Code Reusability vs. Accidental Commonness
One of the nastiest, consensus-critical bugs (CVE-2018–17144) has been recently discovered in the Bitcoin Core software, which prior to that point had an almost immaculate history. Jimmy Song has written an excellent breakdown of this bug.
The short summary of the bug is that there are 4 cases where the Bitcoin Core software needs to check for double-spending. All 4 cases initially shared the same code execution flow. After some subtle iterations of the code over several years, one of the 4 cases (“single-tx-double-spend-in-a-block”) got skipped, which would allow a miner to potentially trick some nodes into accepting a block that inflates the supply of Bitcoin.
The nature of this bug reminds me of the constant conflict between:
(a) the need for code reusability & optimization
(b) the danger of falling for what I call accidental commonness: things that are similar not by design, but by accident
Accidental commonness creates a fertile ground for refactoring nightmares and potential bugs like CVE-2018–17144.
Some background, if you’re not familiar with software engineering:
In software there is this grand vision of software components being perfectly modular — similar to their physical engineering counterparts. There is a good reason you don’t have to carry a different type of charger or USB wire everywhere you go.
So there has always been a strong push for code reusability. Writing redundant code is often frowned upon. Why do the same work twice when you can do it once?
There’s also a long history of reinventing-the-wheel in software which gives code reusability even a higher priority on the priority list. Code reusability is often considered one of the industry’s “Best Practices”. An aspiring junior software developer might be inclined to think that there is zero downside to code reusability.
But there’s a hidden danger — and I don’t believe this stuff is ever properly taught in schools — of extreme code reusability.
Extreme code reusability means collapsing any two similar-looking pieces of code into one, regardless of their use cases & original intention.
Which a lot of times end up with code that has accidental commonness.
It might not be obvious why accidental commonness is bad, but one only has to maintain a sufficiently large software project for a long period to understand why.
It is bad because product requirements change and software is an ever-evolving, never-quite-finished product.
This constant-moving-target problem is something quite unique to software. If you are a structural engineer you are not expected to turn a house into a 20-story high-rise, or a car into a flying saucer. Yet in software we constantly do this.
When product requirements and use cases change, the underlying assumptions that the software were initially written for might no longer be applicable.
So that proud piece of common code that you refactored (but now have completely forgotten) no longer works the way you think it would.

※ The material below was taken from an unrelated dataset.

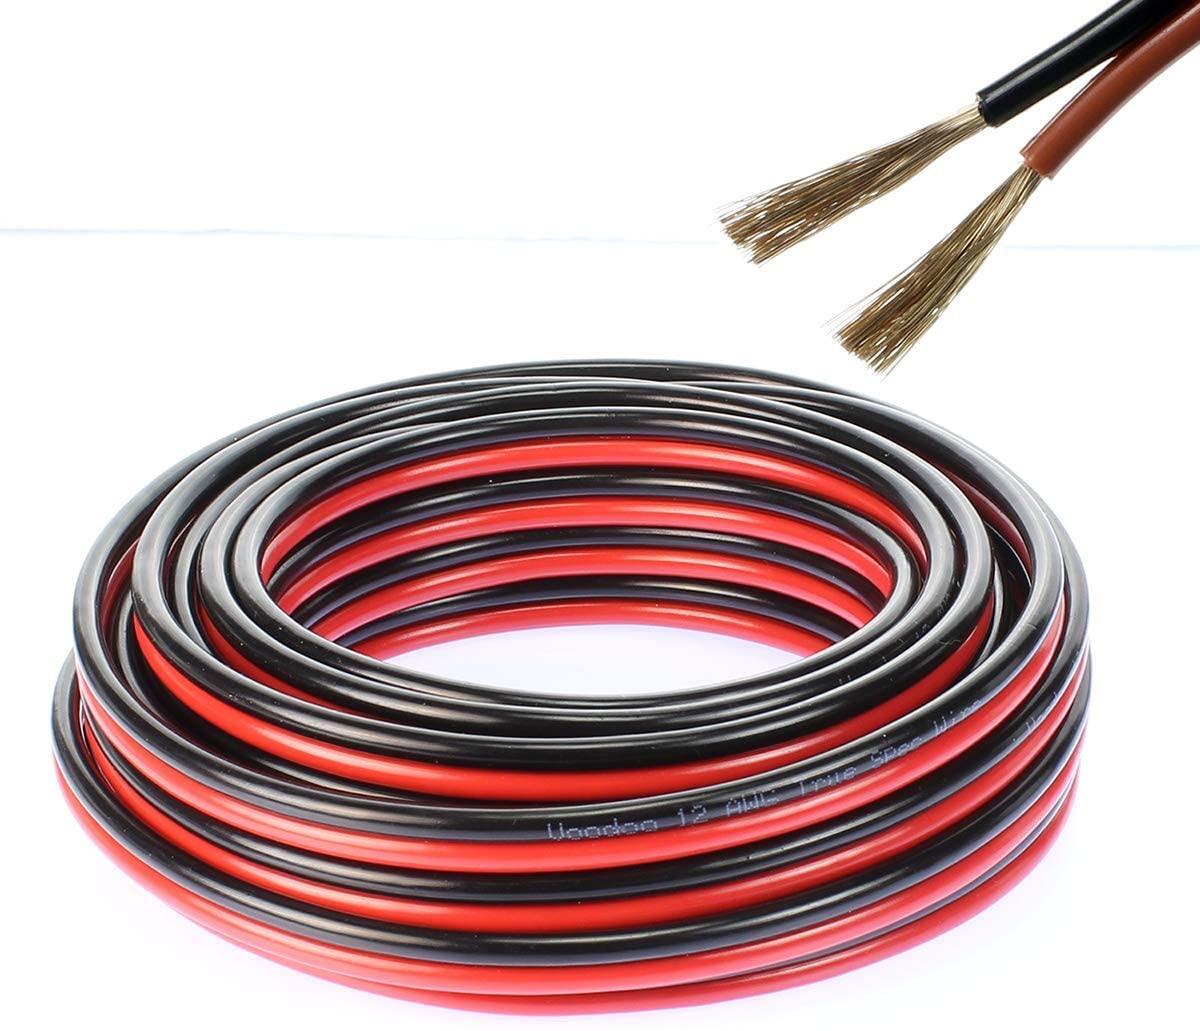 สายไฟ แดงดำ 17awg (1 mm²) สายลำโพง สายไฟคู่ สายคู่ electrical wire cable เครื่องเสียง รถยนต์ car aud สี ชุด 1 เมตร 5 เส้น สี ชุด 1 เมตร 5 เส้น

I’ve lost count of how many painful refactoring projects or nasty bugs I’ve seen that are a direct result of premature optimization or accidental commonness — to the point where I now avoid things like Inheritance like a plague.
Things that have accidental commonness will quickly reveal their differences when they evolve beyond their initial state. Any rigidity in code commonness then would be a massive bane to get rid of.
The more layers of accidental commonness there are in the code, the more of a minefield it is to navigate. CVE-2018–17144 is a perfect example of that.